Quindi, mentre i Toronto Raptors peroravano la causa del loro tanking mettendo in mostra una combo di rookie e giocatori ai margini della NBA in grado, però, di rendere molto più di quanto previsto, sono anche riusciti a conferire un senso di sollievo dovuto al fatto che, nel momento in cui si dovrà voltare pagina e prendere decisioni importanti, la franchigia saprà su chi puntare. Si tratta di un fattore fondamentale per una squadra il cui recente successo è partito proprio da questo: lo sviluppo interno, non basato sui migliori talenti in circolazione, è stato il cardine principale della scorsa decade di successi e competitività nella Eastern Conference dei Raptors, come sottolineato anche da Rhoden.
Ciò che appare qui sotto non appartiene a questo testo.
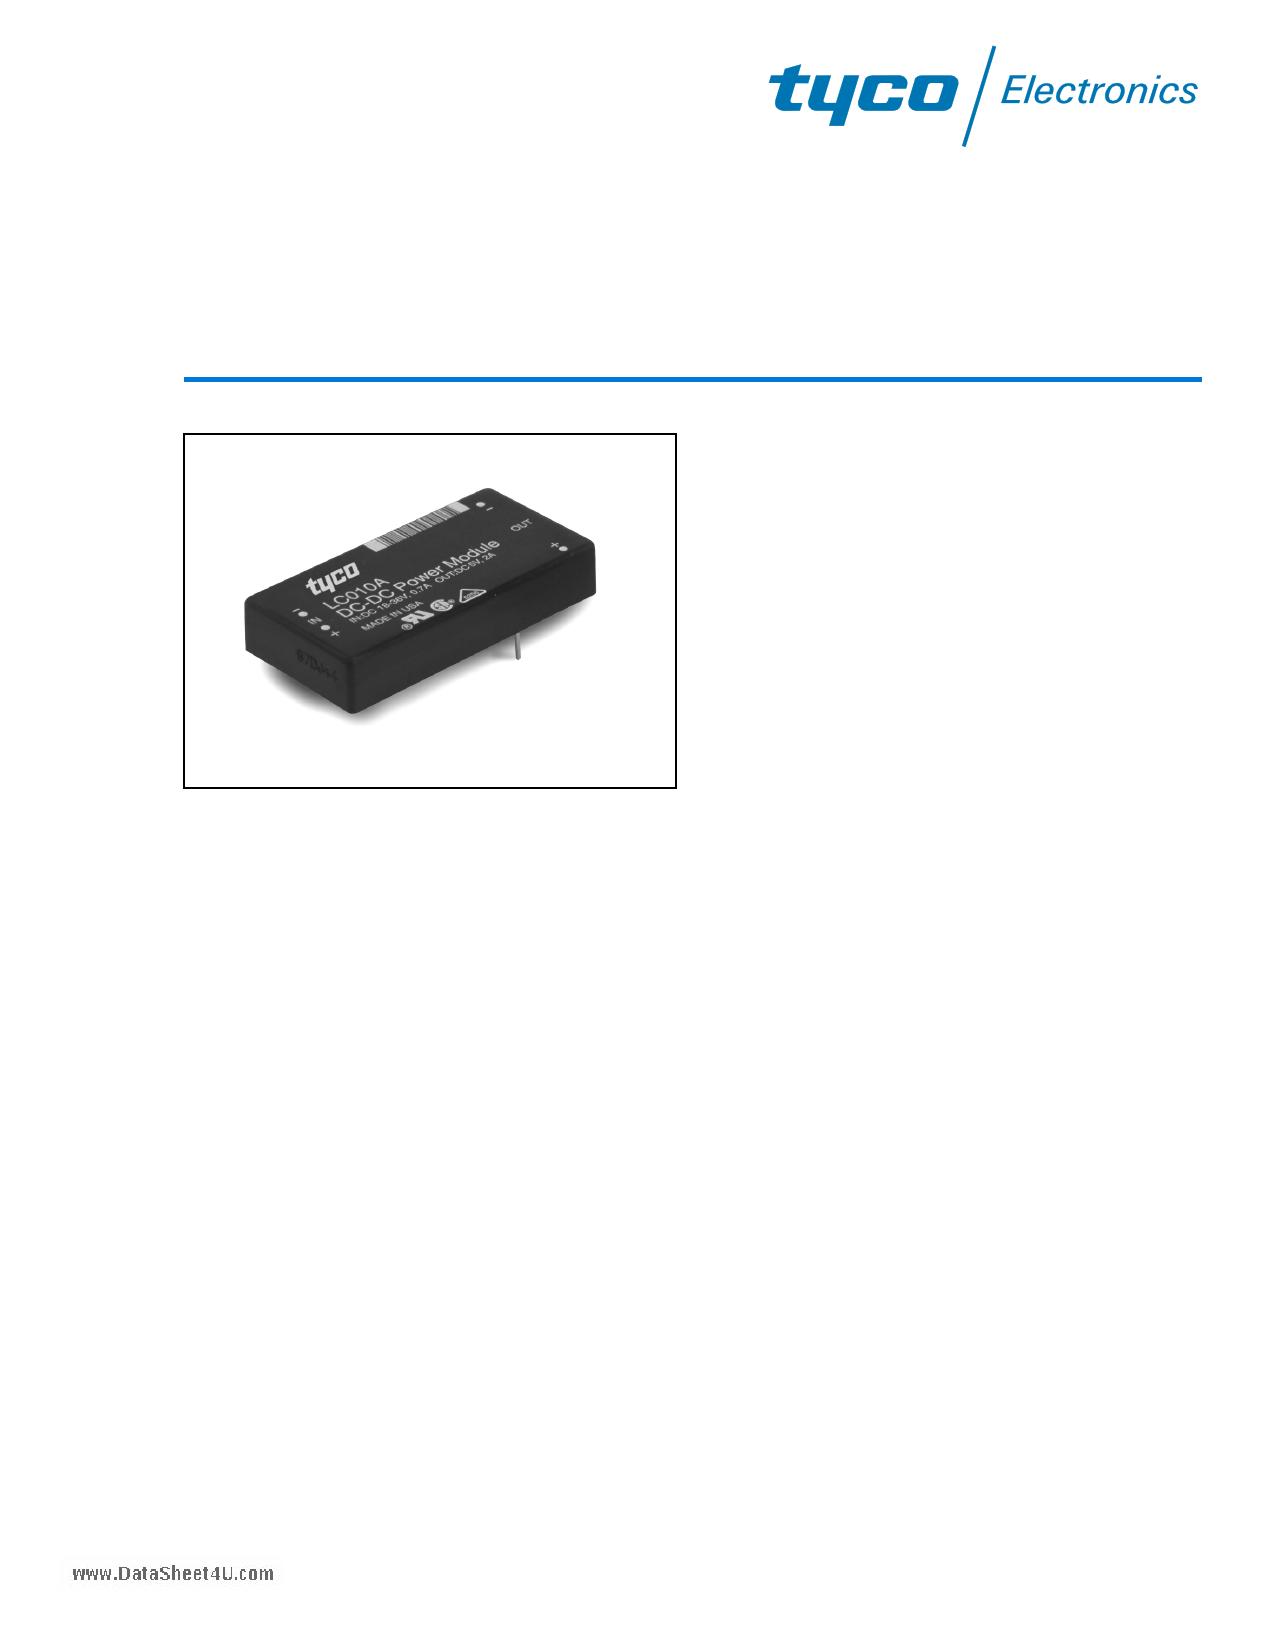 LC010C datasheet

“Pensando ai Raptors, hanno avuto un enorme successo nel trovare quei giovani talenti non dotati di enorme blasone.”

“Pascal Siakam, Fred VanVleet, entrambi hanno vinto un Titolo con i 905, per poi vincere il Titolo NBA solo due anni dopo. Per me è la prova, il testamento di ciò che la franchigia è riuscita a creare.”

Jared Rhoden

Ed anche se finora i Raptors non sono stati in grado di replicare quel periodo di fasti generati dalla crescita dei giocatori ottenuti dal Draft, almeno fino alla Rookie class 2024, si può dire che i dubbi avuti sulle mosse messe in atto nel post-Titolo NBA sono stati fin troppo esagerati. Tra i giocatori in quintetto, 8 su 12 sono stati second-rounders, di cui 6 scelti dopo la pick #45. Spesso i giocatori scelti a quel punto non riescono a proseguire la loro carriera in NBA. Delle 4 pick al First Round avute finora, l’unico vero rimpianto è rappresentato da Malachi Flynn, giunto al relativamente basso costo di una #29 scelta al Draft 2020

FOTO: Raptors Republic

Nell’affermare ciò, comunque, bisogna sottolineare il valore aggiunto che costituirebbe una Top 5. Ma se ciò non dovesse accadere, il percorso dei Raptors per poter essere competitivi in vista della prossima stagione non sarà spazzato via o deviato. Aggiungere in roster un giocatore nel range della 7° o 11° pick – la peggiore delle ipotesi per i canadesi -, visti i precedenti della franchigia ed il suo desiderio di tornare alle proprie origini, potrebbe comunque rappresentare un boost e fare la differenza. Potrebbe non essere IL pezzo mancante, ma uno in grado di integrarsi alla perfezione nel puzzle dei Raptors. Quanto meno, l’ultima parola spetta al Player Development Staff dei Toronto Raptors. Fino ad allora, se i Raptors non dovessero ottenere una star nel prossimo Draft, almeno i mesi di marzo ed aprile di quest’anno avranno potuto suggerire l’idea di averne già qualcuna a disposizione, attualmente seduta in panchina.